Where Native was focused on British produce, Field Notes also champions sustainable producers from further afield, from Spain’s Todolí citrus to regenerative Greek olive oils. That’s reflected in Tisdall-Downes’s globetrotting menus. The regularly changing menu might feature stracciatella dressed with a jolt of miso bagna cauda, sesame fish toast with apple hoisin, or a steak tartare that, in a wink to old-school cafes, arrives at the table with fried bread in a toast rack and brown sauce. Some Native OGs return, too, like the Marrowmel – a white chocolate and bone marrow caramel, set inside the bone itself. “Everyone still loves it,” he says. “There are probably lots of people that have never tried it before so, yeah – it’s staying on.”
He’s also experimenting with a small hydroponic growing system to cultivate herbs and microgreens in the restaurant – a small but symbolically powerful counter to global soil degradation. “You can’t grow root veg in it, but we can take pressure off the soil by growing certain things hydroponically,” he says. “I want to use it as a small seed bank, preserving the green spaces that are disappearing in the city.”
The interiors are raw, but warm.

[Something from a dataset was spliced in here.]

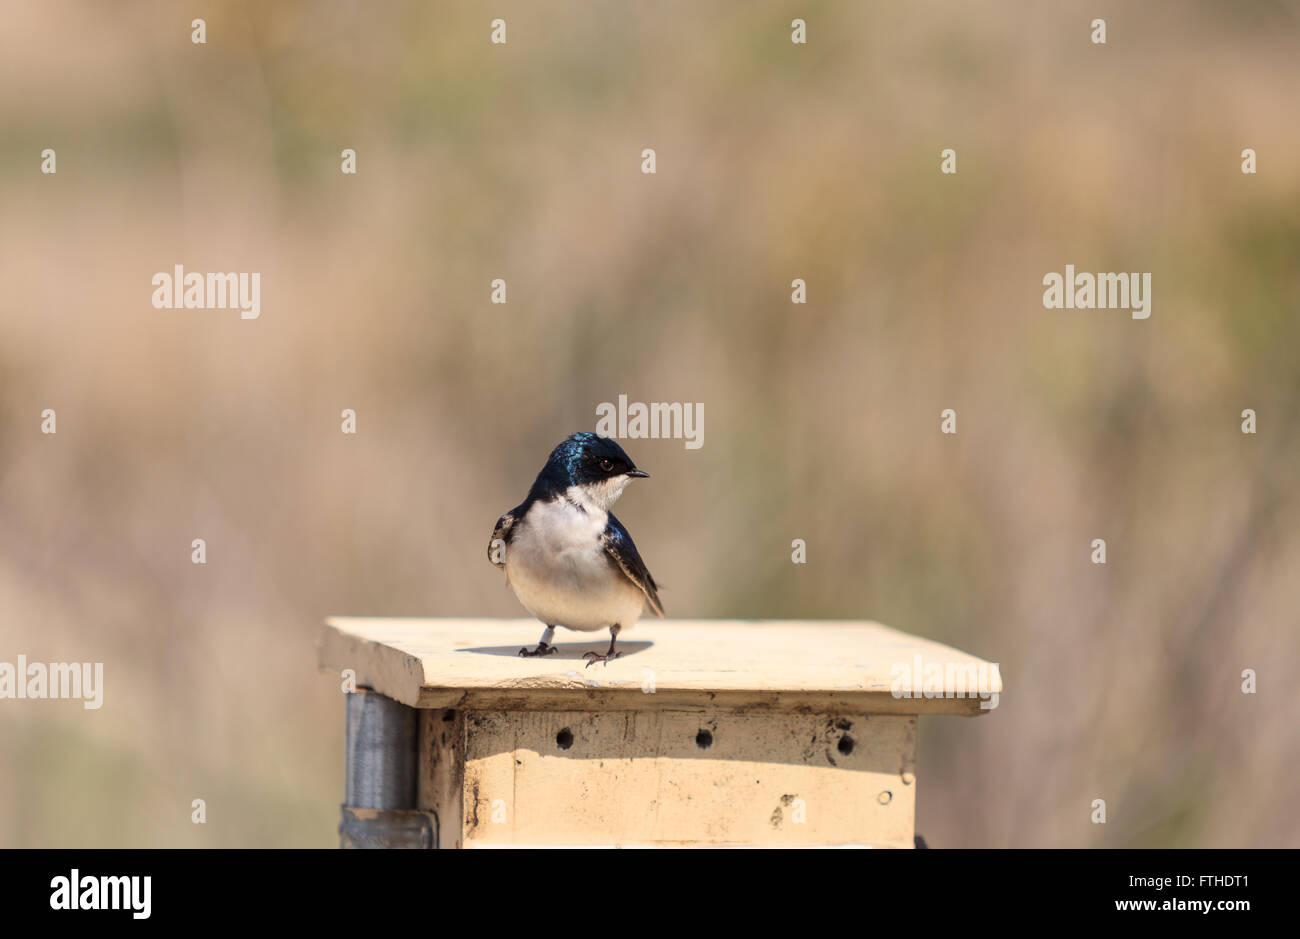 Blue Tree swallow bird, Tachycineta bicolor, sits on a nesting box in San Joaquin wildlife sanctuary, Southern California, Unite Stock Photo

Concrete columns give Field Notes a stark, brutalist edge, softened by big streetside windows, foliage and the gentle glow of low-hanging bulbs. In the evenings, flickering candles bring some romance, too. “You walk in from Shoreditch graffiti and sirens, and hopefully you feel a bit of nature in the room,” Tisdall-Downes says. Come in anytime, and you’ll see him behind the black, monolithic counter, cooking in full view. “You can chat to me and see me cry in the corner when I burn myself.”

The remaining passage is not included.